Saved entries
'''
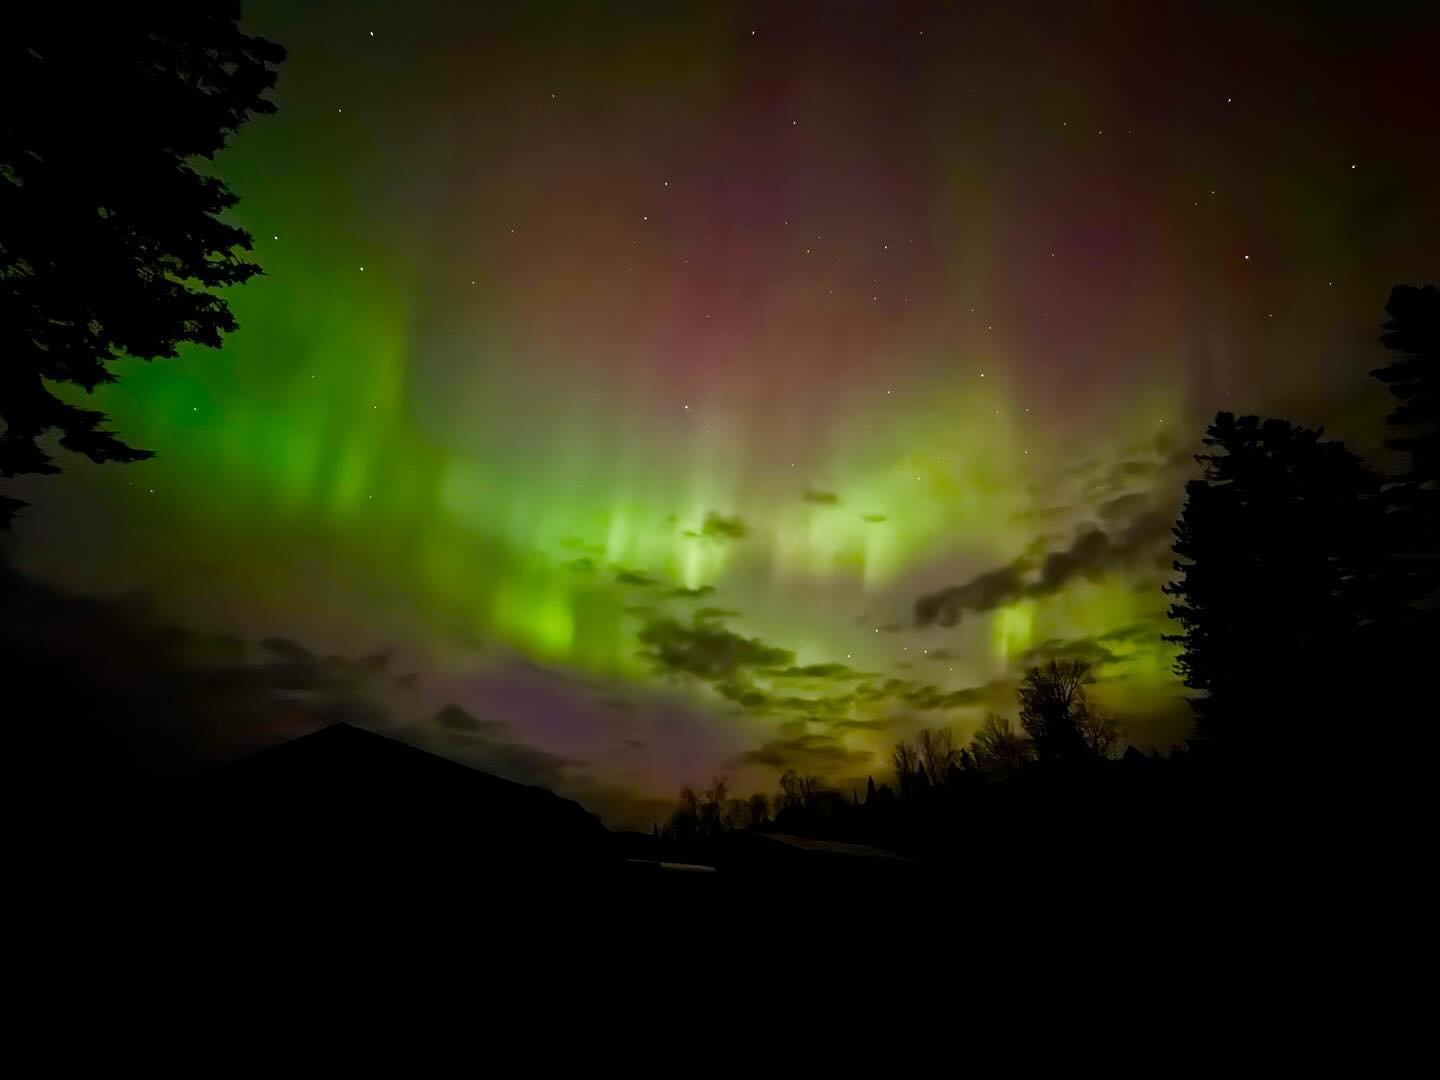 I keep saying, ah, that&rsquo;s it. Now I can go to sleep. But then I go out and it&rsquo;s even better than last time. 

#aurora
#auroraborealis 
#northernlights 
#vermontskies
#nightsky
#northernsky
#broadforkvt
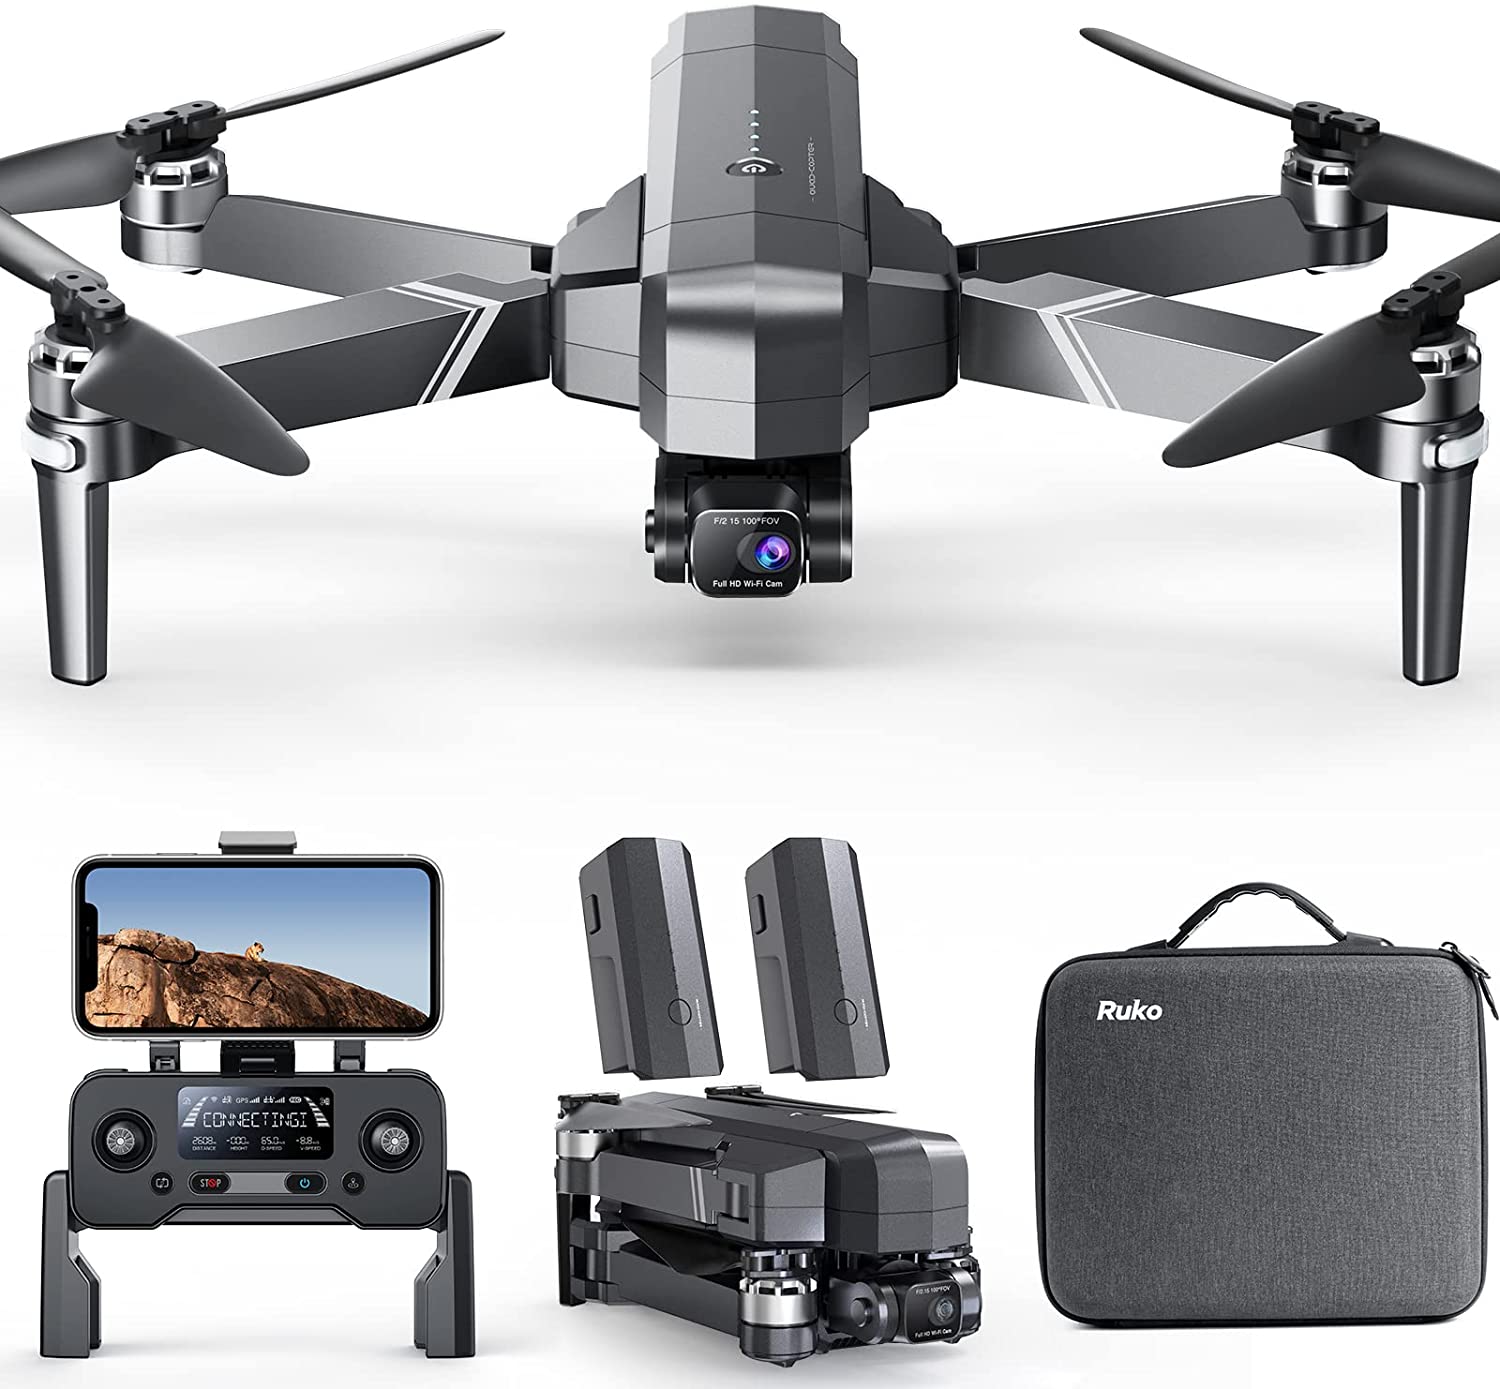 Review of Ruko F11 GIM2 Drone with 4K Camera for Adults, 9800ft HD Video Transmission
'''
## What to do
In the answer, the entries should be restated verbatim, with all pictures omitted.

## Answer for this exercise
 I keep saying, ah, that&rsquo;s it. Now I can go to sleep. But then I go out and it&rsquo;s even better than last time. 

#aurora
#auroraborealis 
#northernlights 
#vermontskies
#nightsky
#northernsky
#broadforkvt
 Review of Ruko F11 GIM2 Drone with 4K Camera for Adults, 9800ft HD Video Transmission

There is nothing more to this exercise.